*Task:* Give back the lines below exactly, but do not include any pictures.

*Exercise data:*
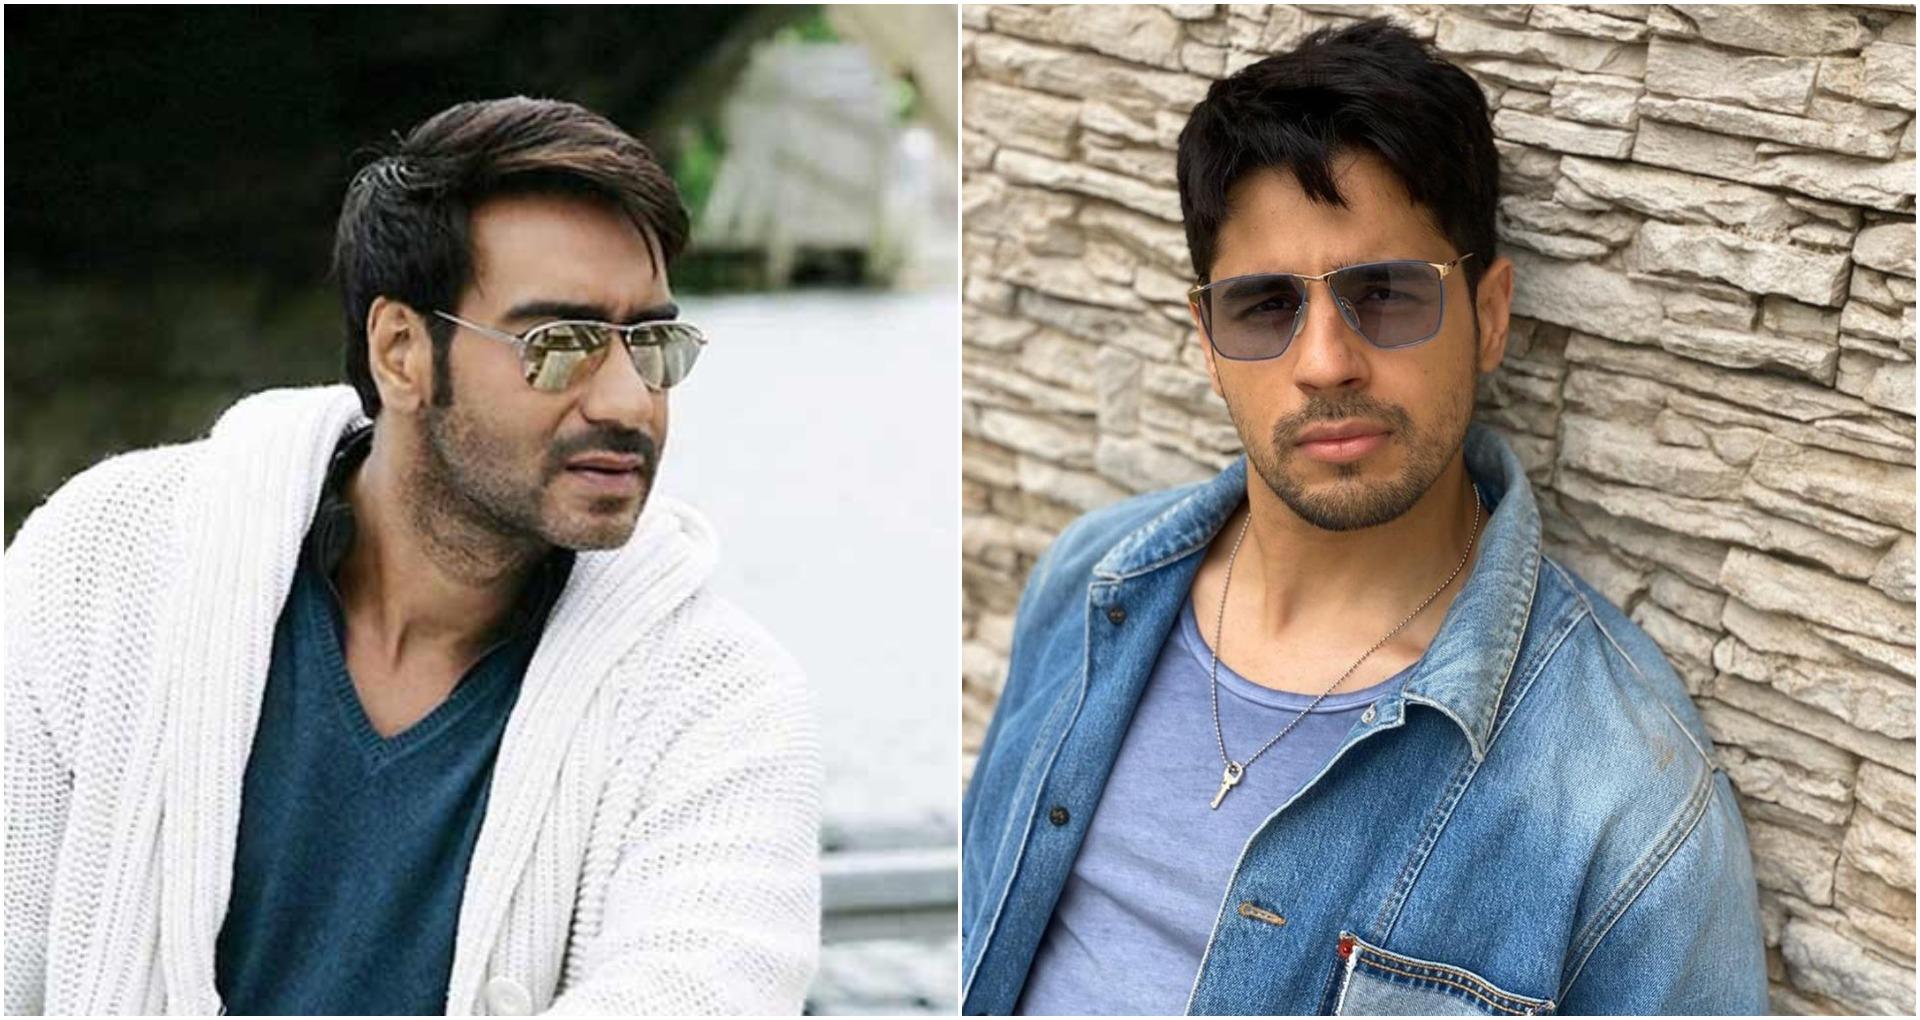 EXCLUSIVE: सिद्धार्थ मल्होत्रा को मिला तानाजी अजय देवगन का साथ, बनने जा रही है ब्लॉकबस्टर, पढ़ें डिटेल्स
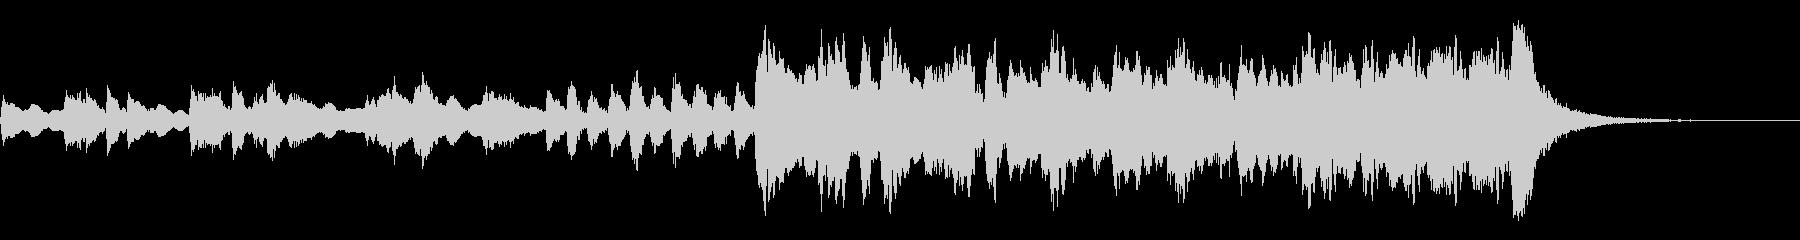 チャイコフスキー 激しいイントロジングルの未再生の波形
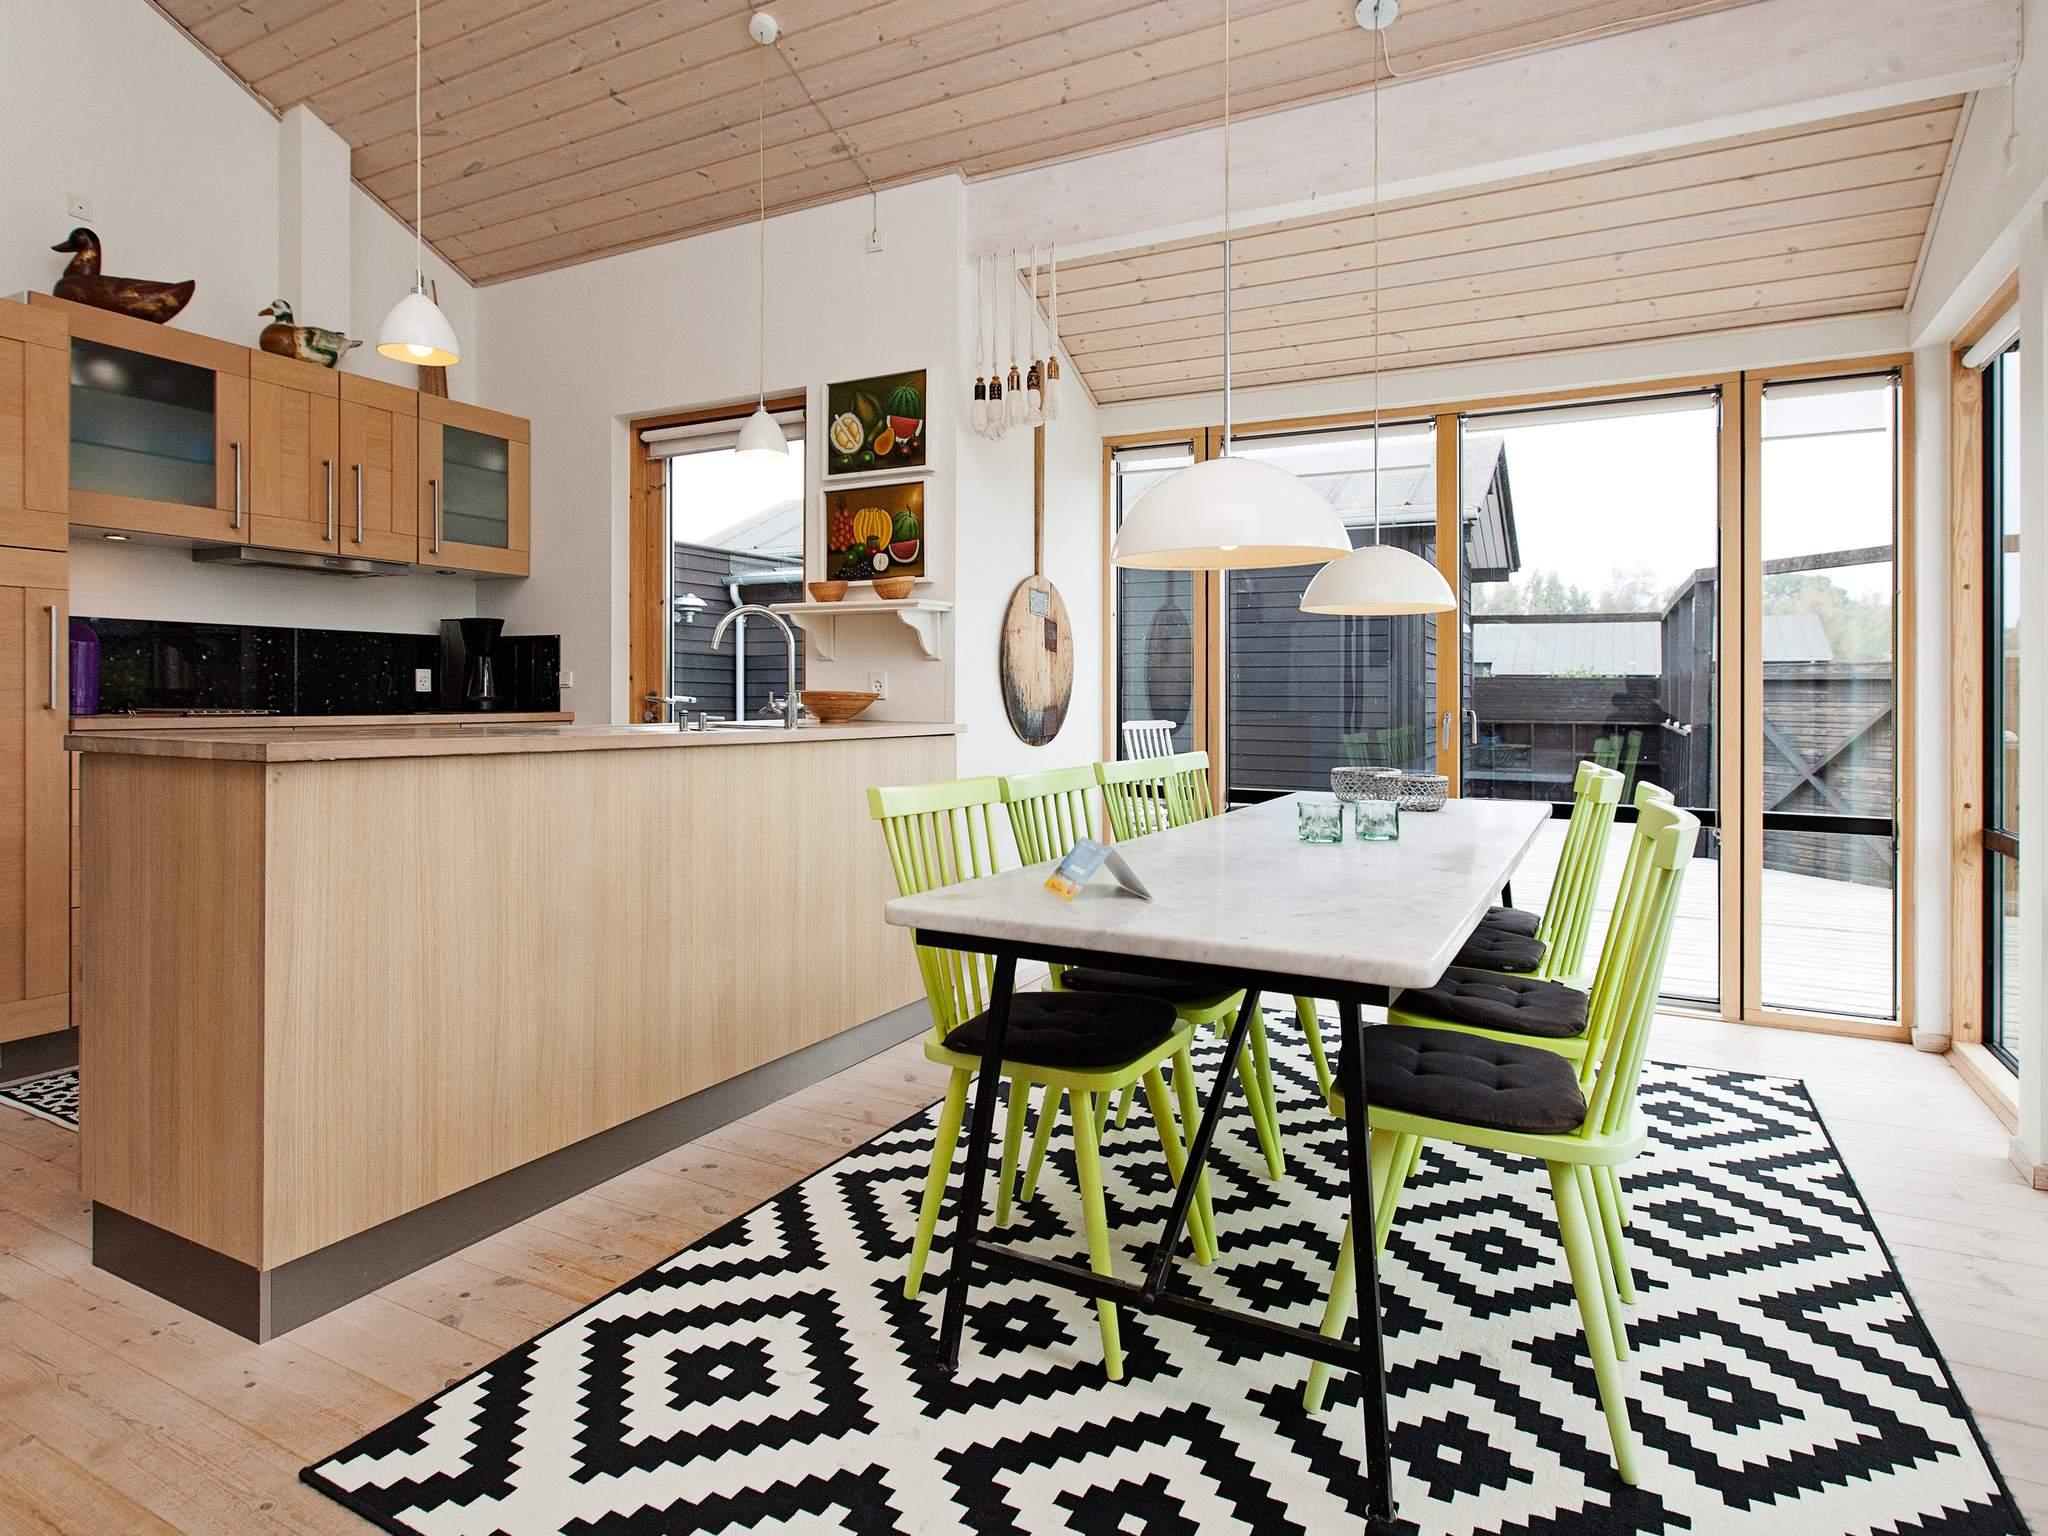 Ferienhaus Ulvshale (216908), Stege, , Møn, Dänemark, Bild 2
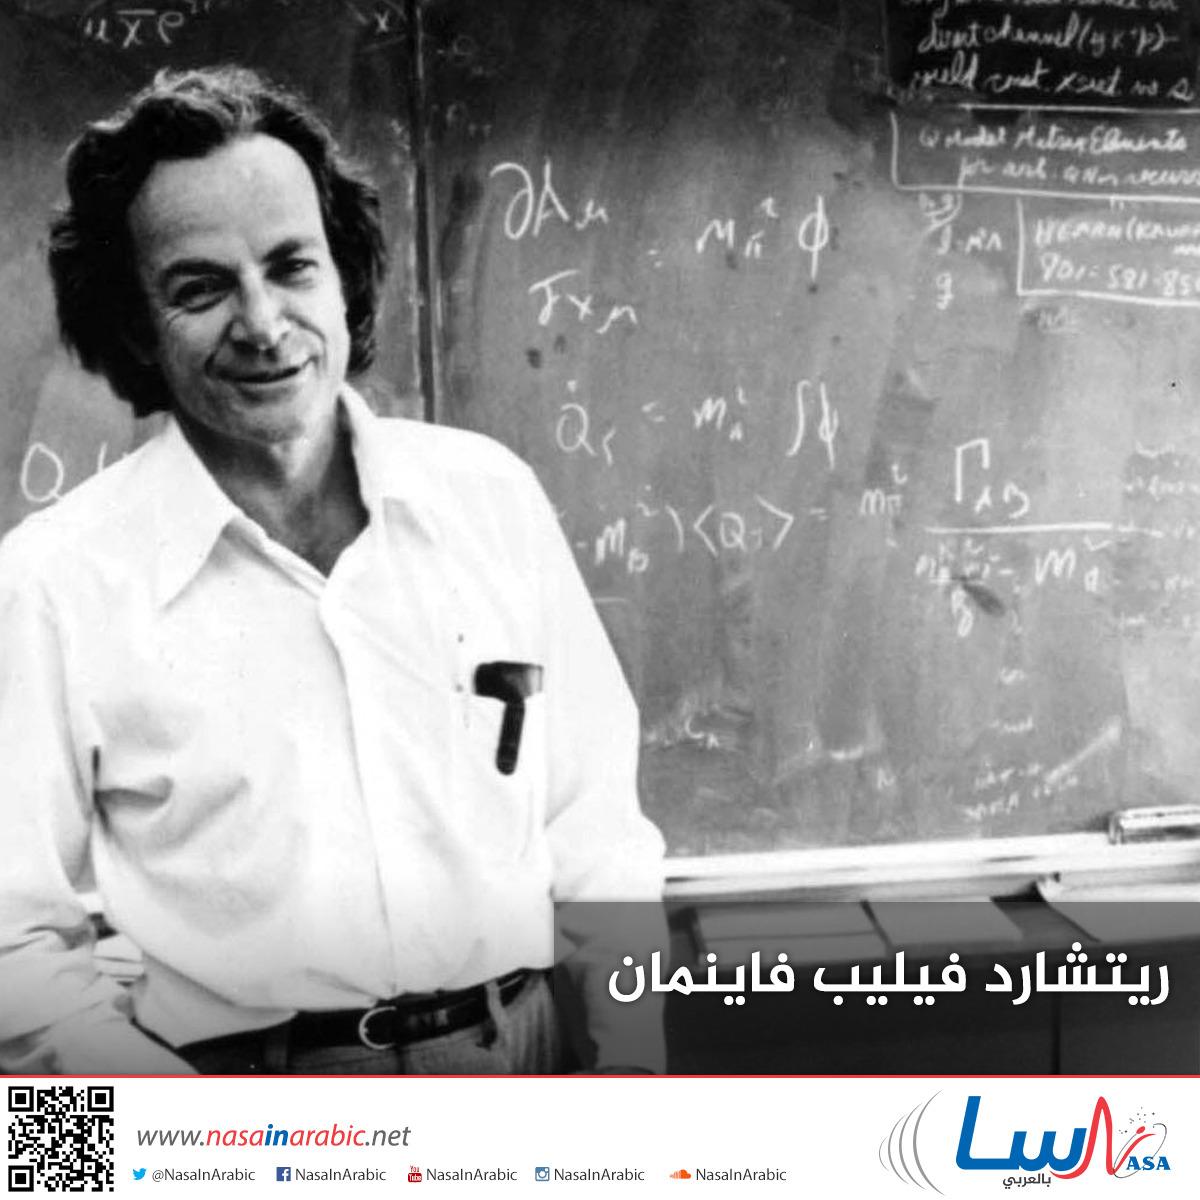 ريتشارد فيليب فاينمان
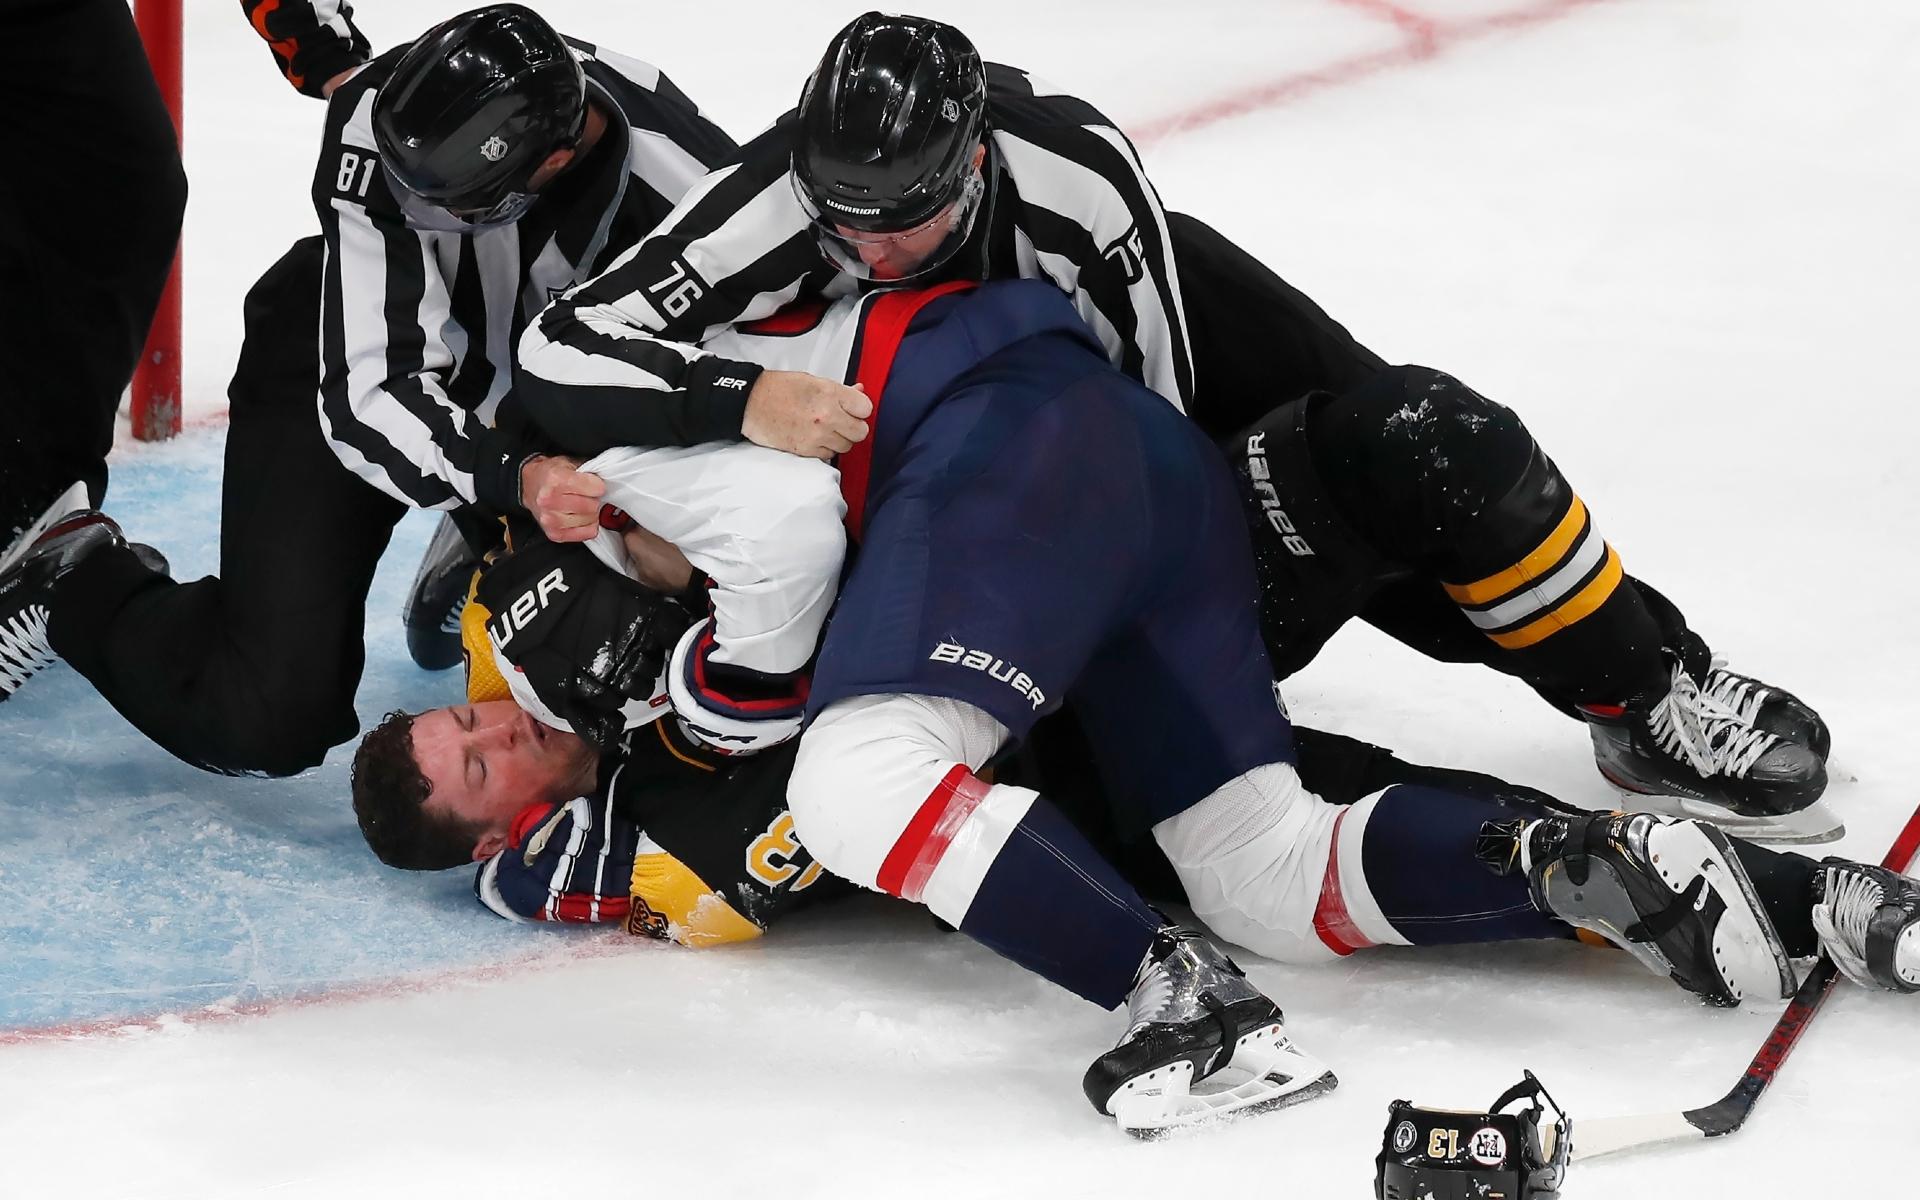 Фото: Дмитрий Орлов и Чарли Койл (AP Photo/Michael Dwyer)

*Task answer:*
 EXCLUSIVE: सिद्धार्थ मल्होत्रा को मिला तानाजी अजय देवगन का साथ, बनने जा रही है ब्लॉकबस्टर, पढ़ें डिटेल्स
 チャイコフスキー 激しいイントロジングルの未再生の波形
 Ferienhaus Ulvshale (216908), Stege, , Møn, Dänemark, Bild 2
 ريتشارد فيليب فاينمان
 Фото: Дмитрий Орлов и Чарли Койл (AP Photo/Michael Dwyer)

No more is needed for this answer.